##### Collected data #####

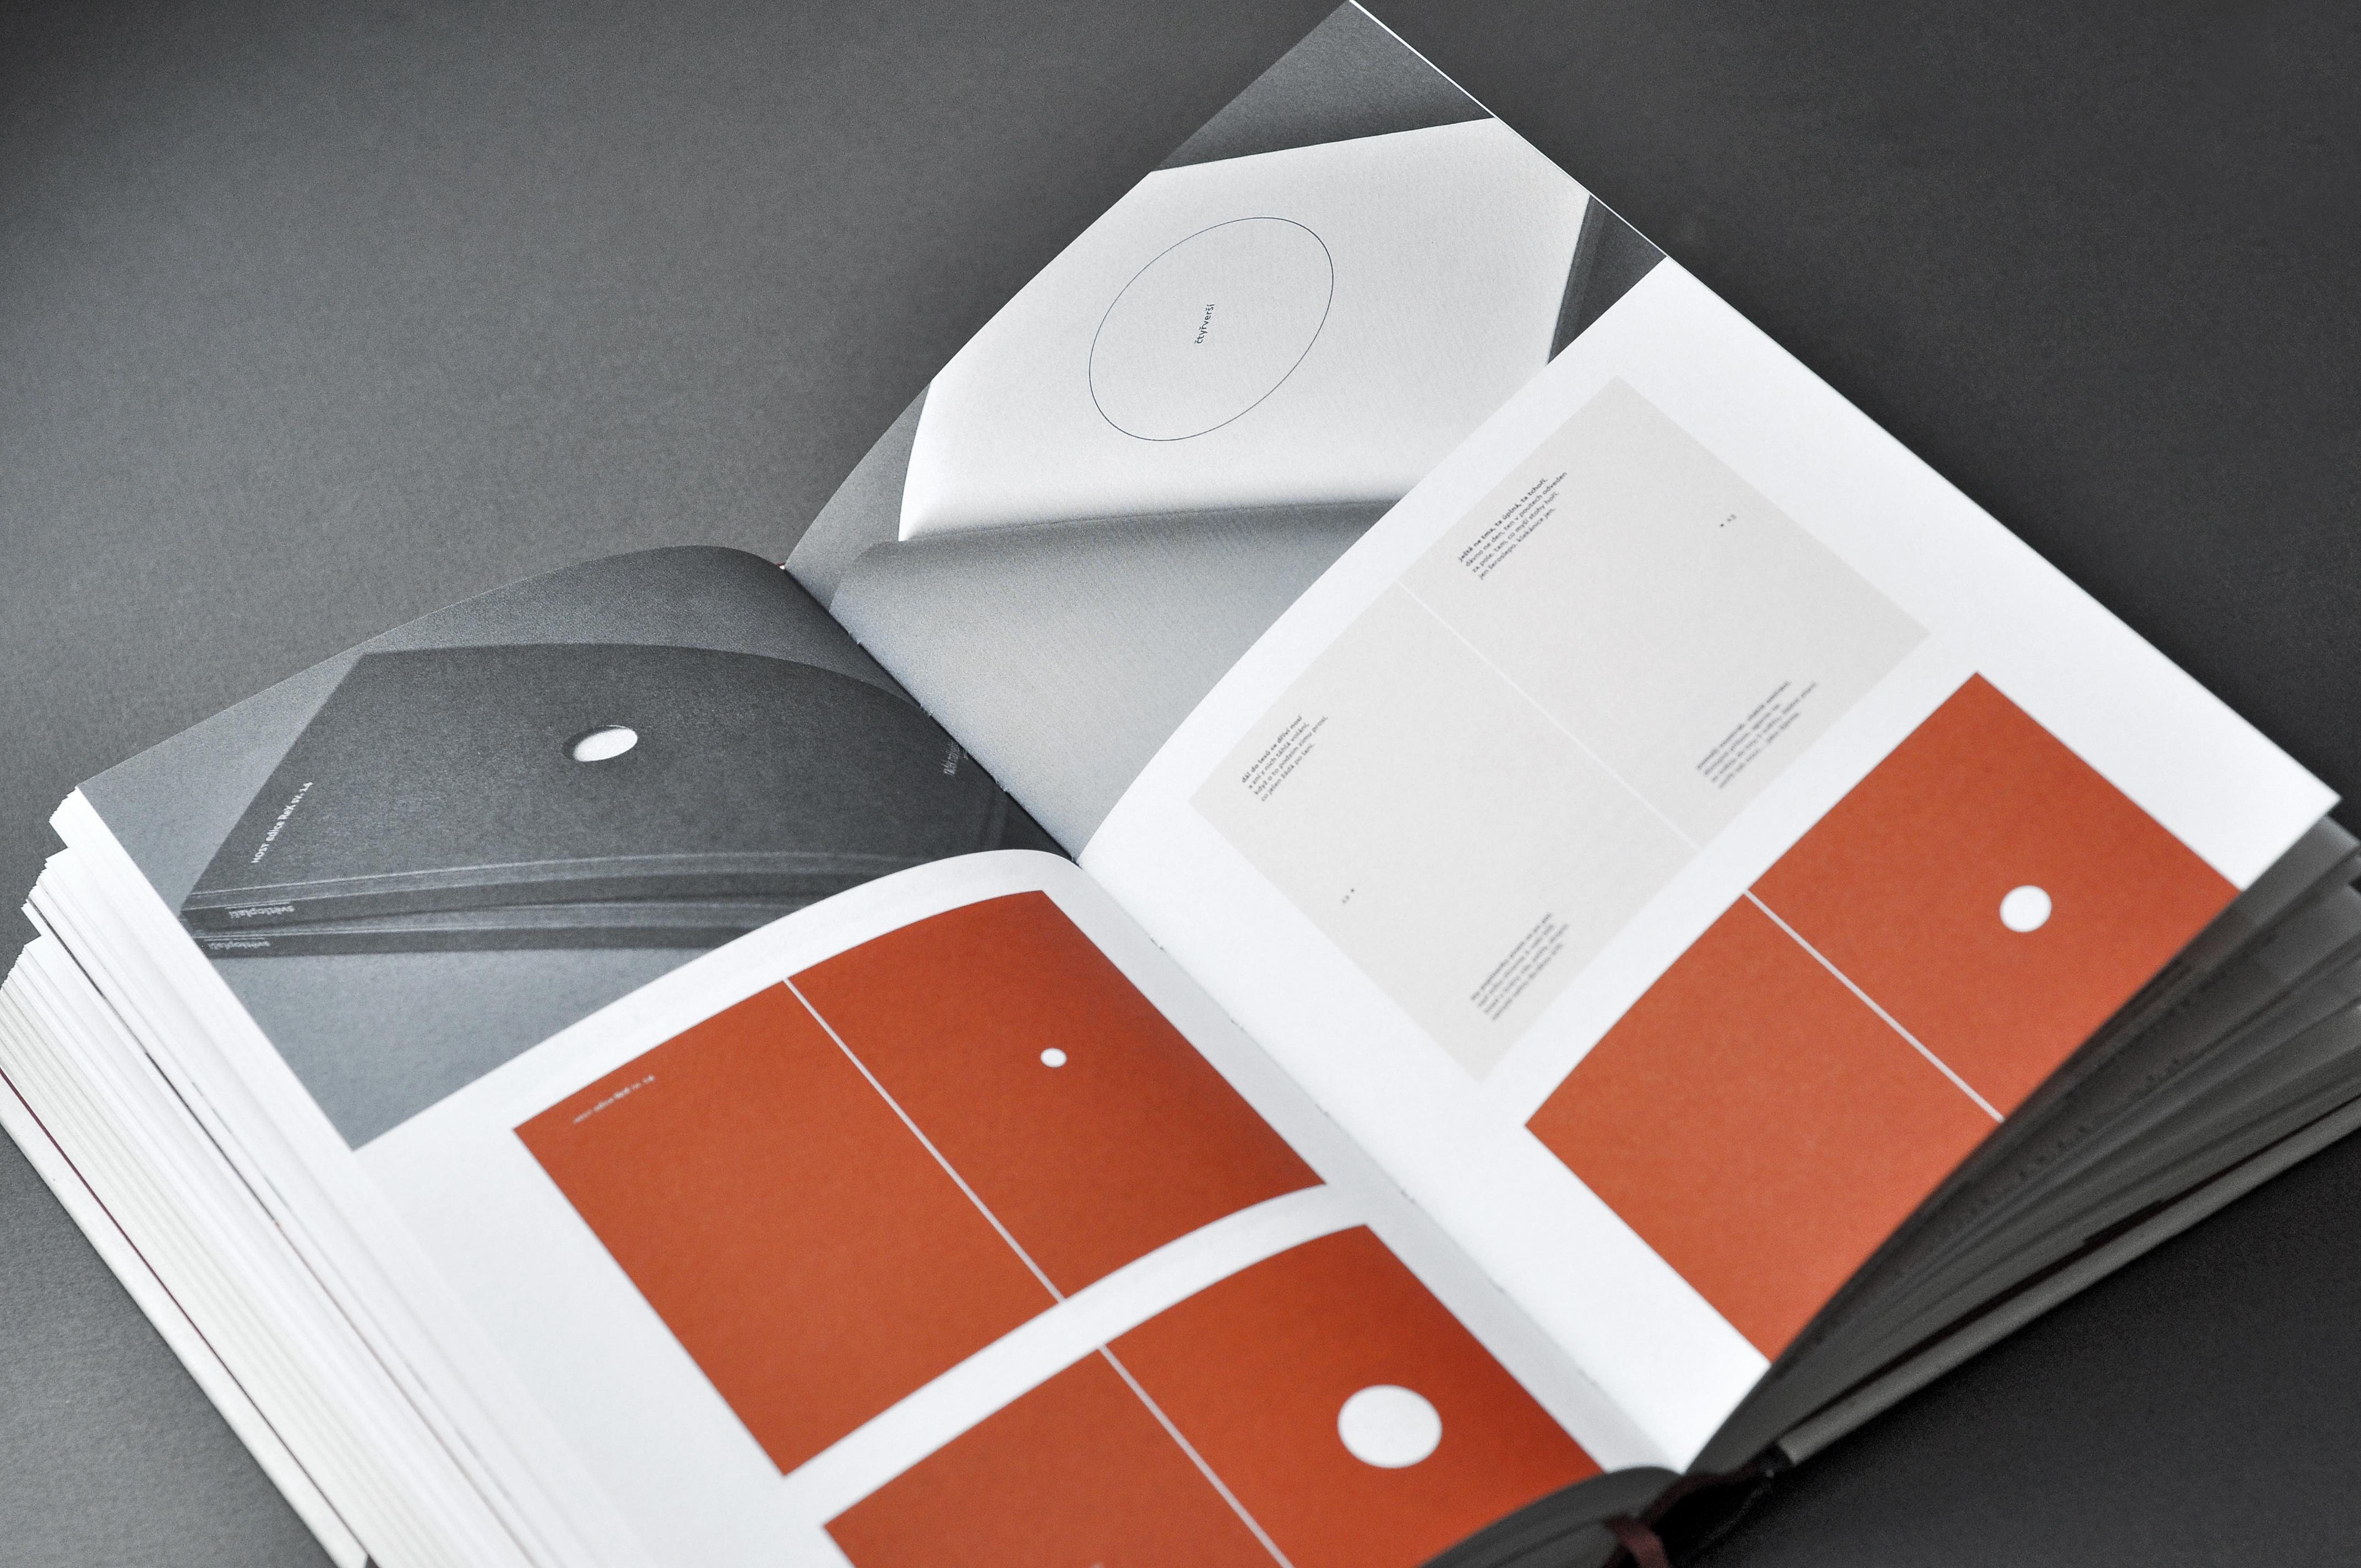 knihy-a-typografie_006
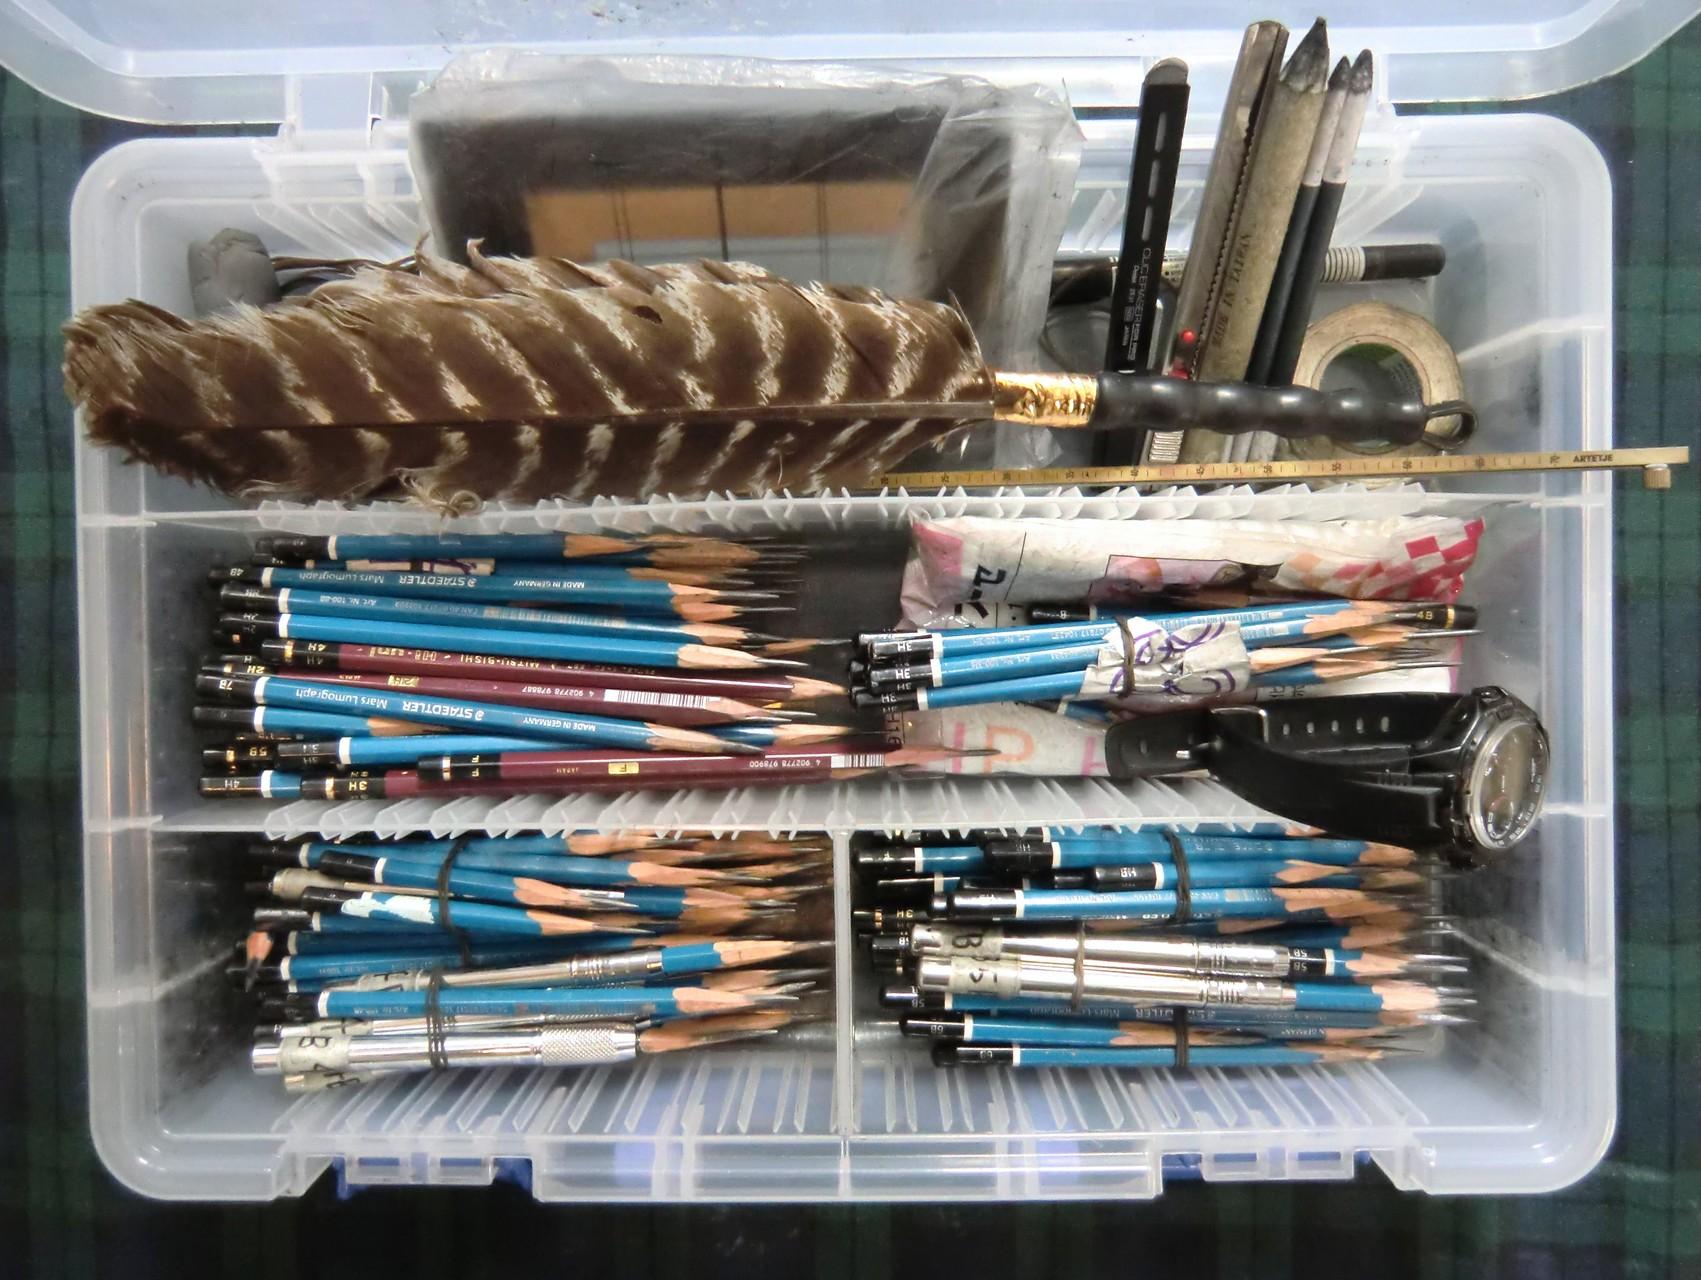 ルクレ教室生の鉛筆デッサン用具類。より良い道具を使いこなす為に、常に入念な手入れが必要である。
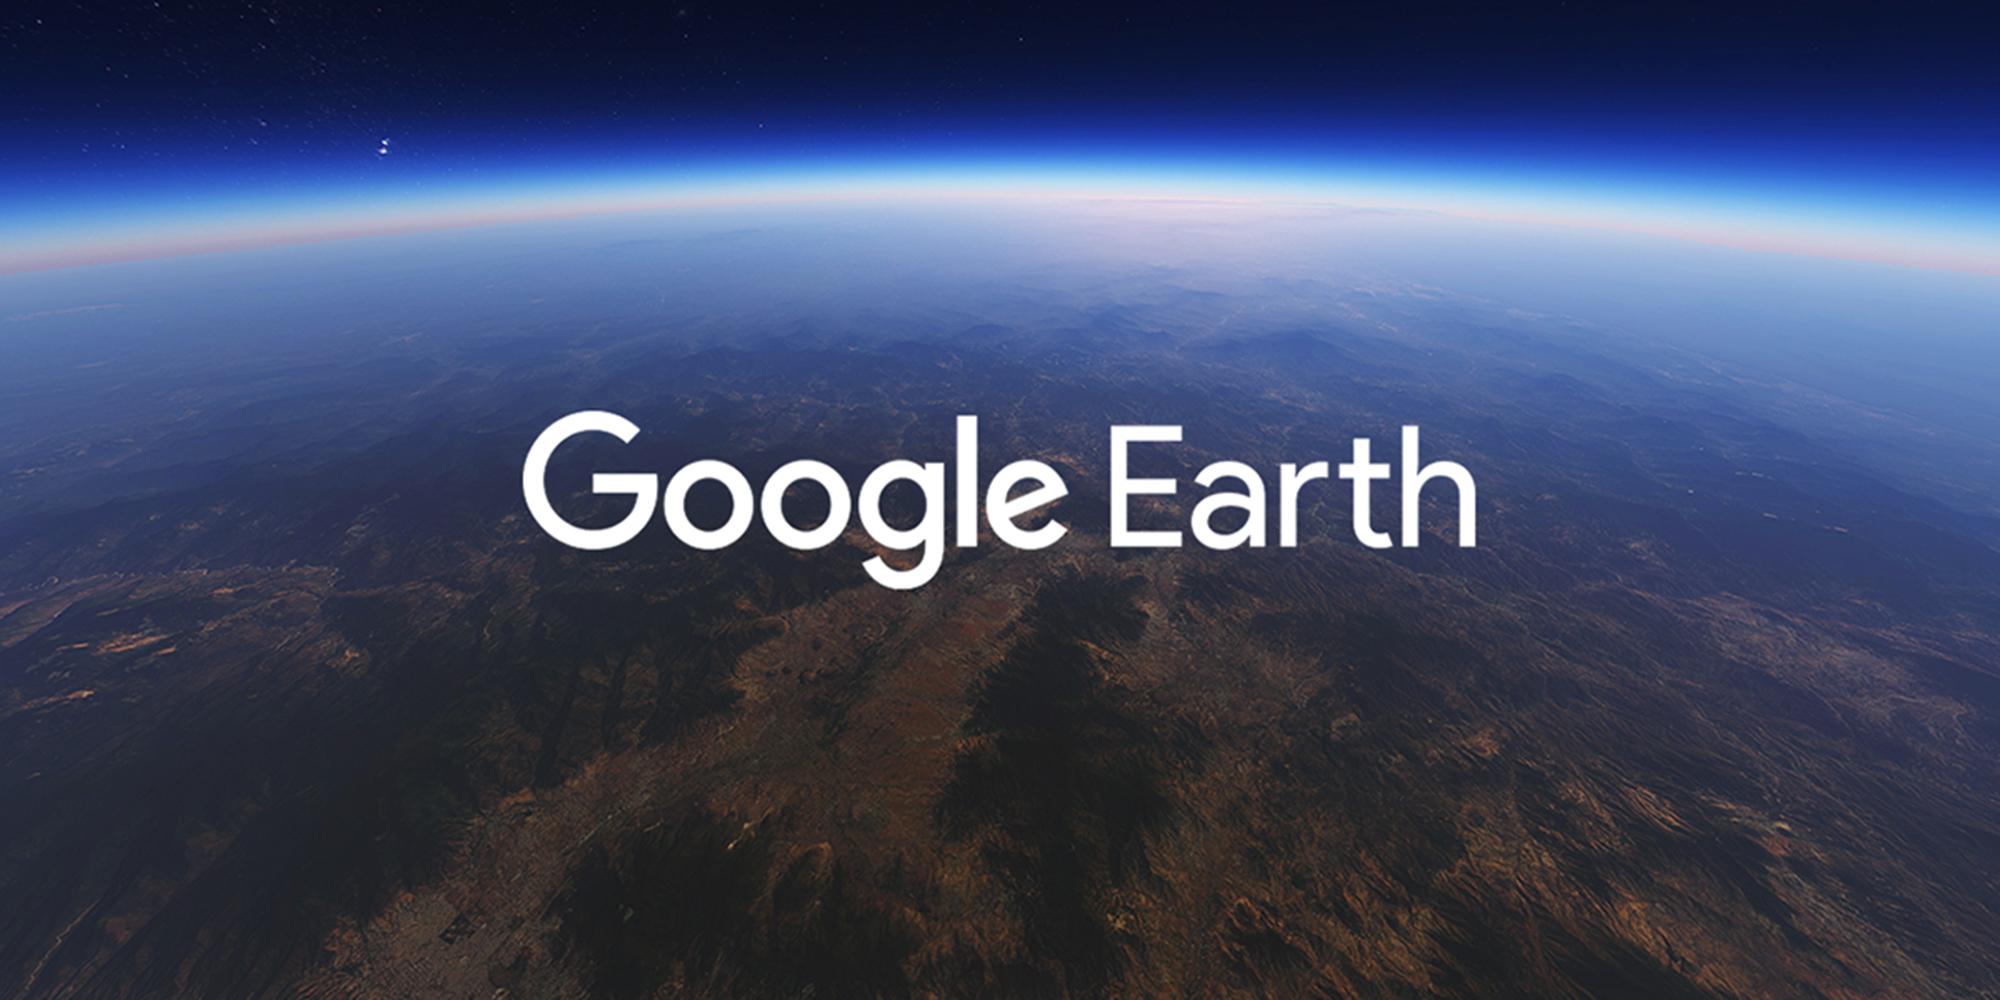 Explorez le monde avec la nouvelle version de Google Earth
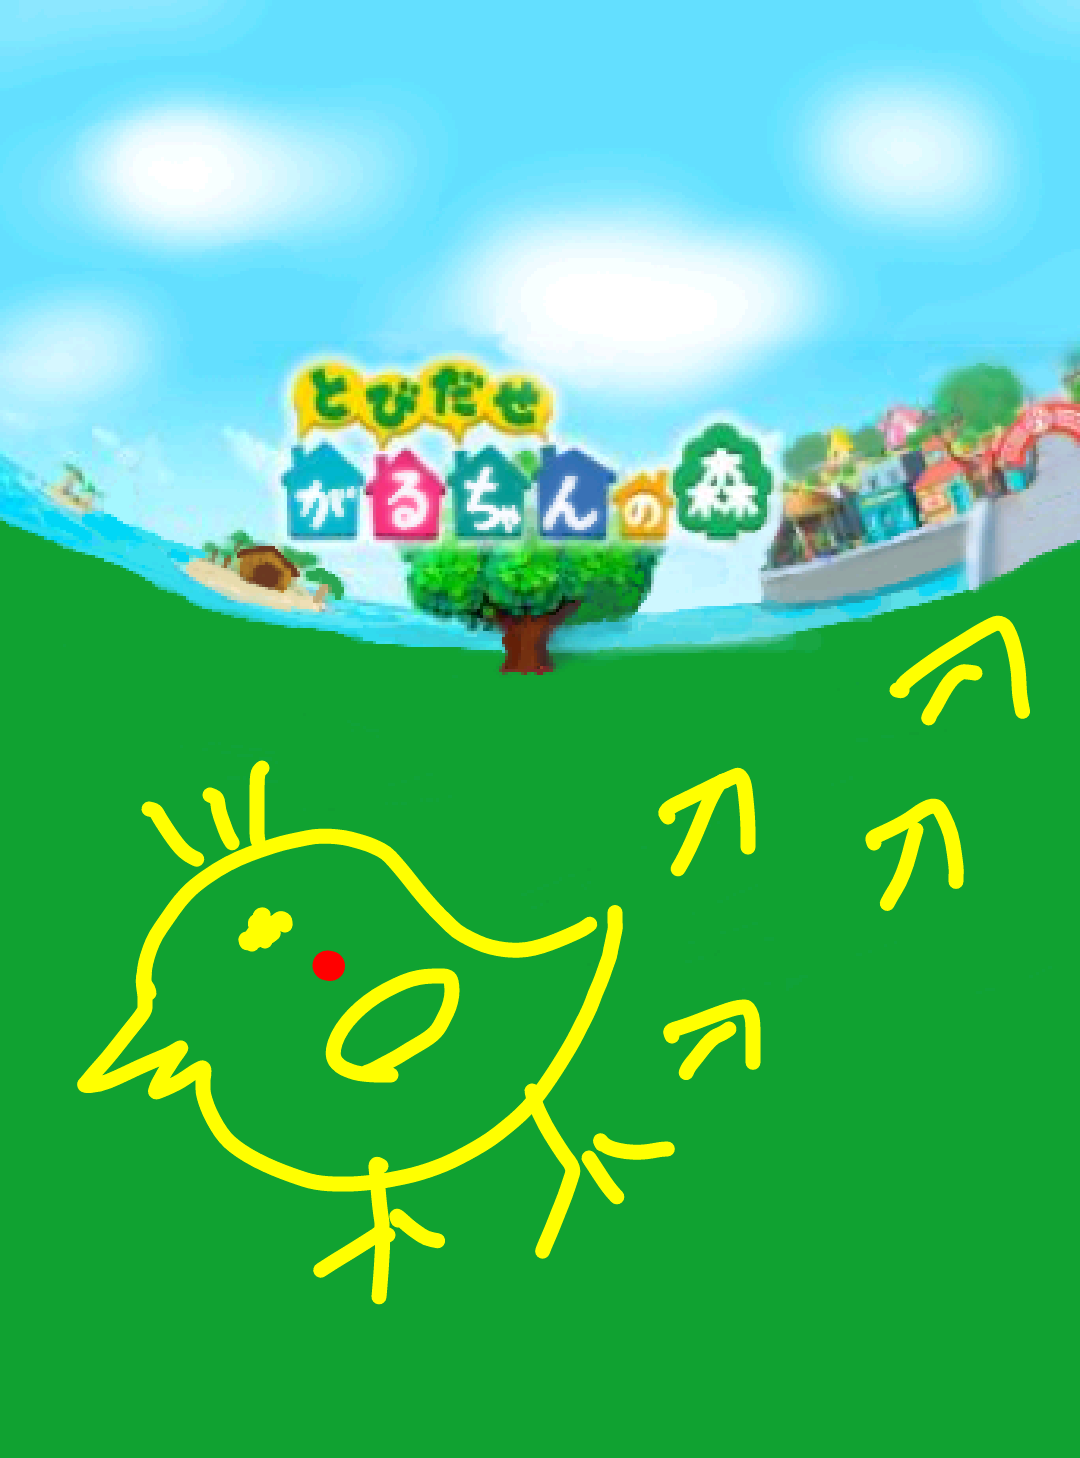 【お絵描き】がるちゃんの森【街づくり】

#####

(Problem to solve) Only the lines from the one with "ルクレ教室生の鉛筆デッサン用" to the last line of the listing, inclusive, are to be set down, exactly as they stand and without pictures.

(Reply to the exercise)
 ルクレ教室生の鉛筆デッサン用具類。より良い道具を使いこなす為に、常に入念な手入れが必要である。
 Explorez le monde avec la nouvelle version de Google Earth
 【お絵描き】がるちゃんの森【街づくり】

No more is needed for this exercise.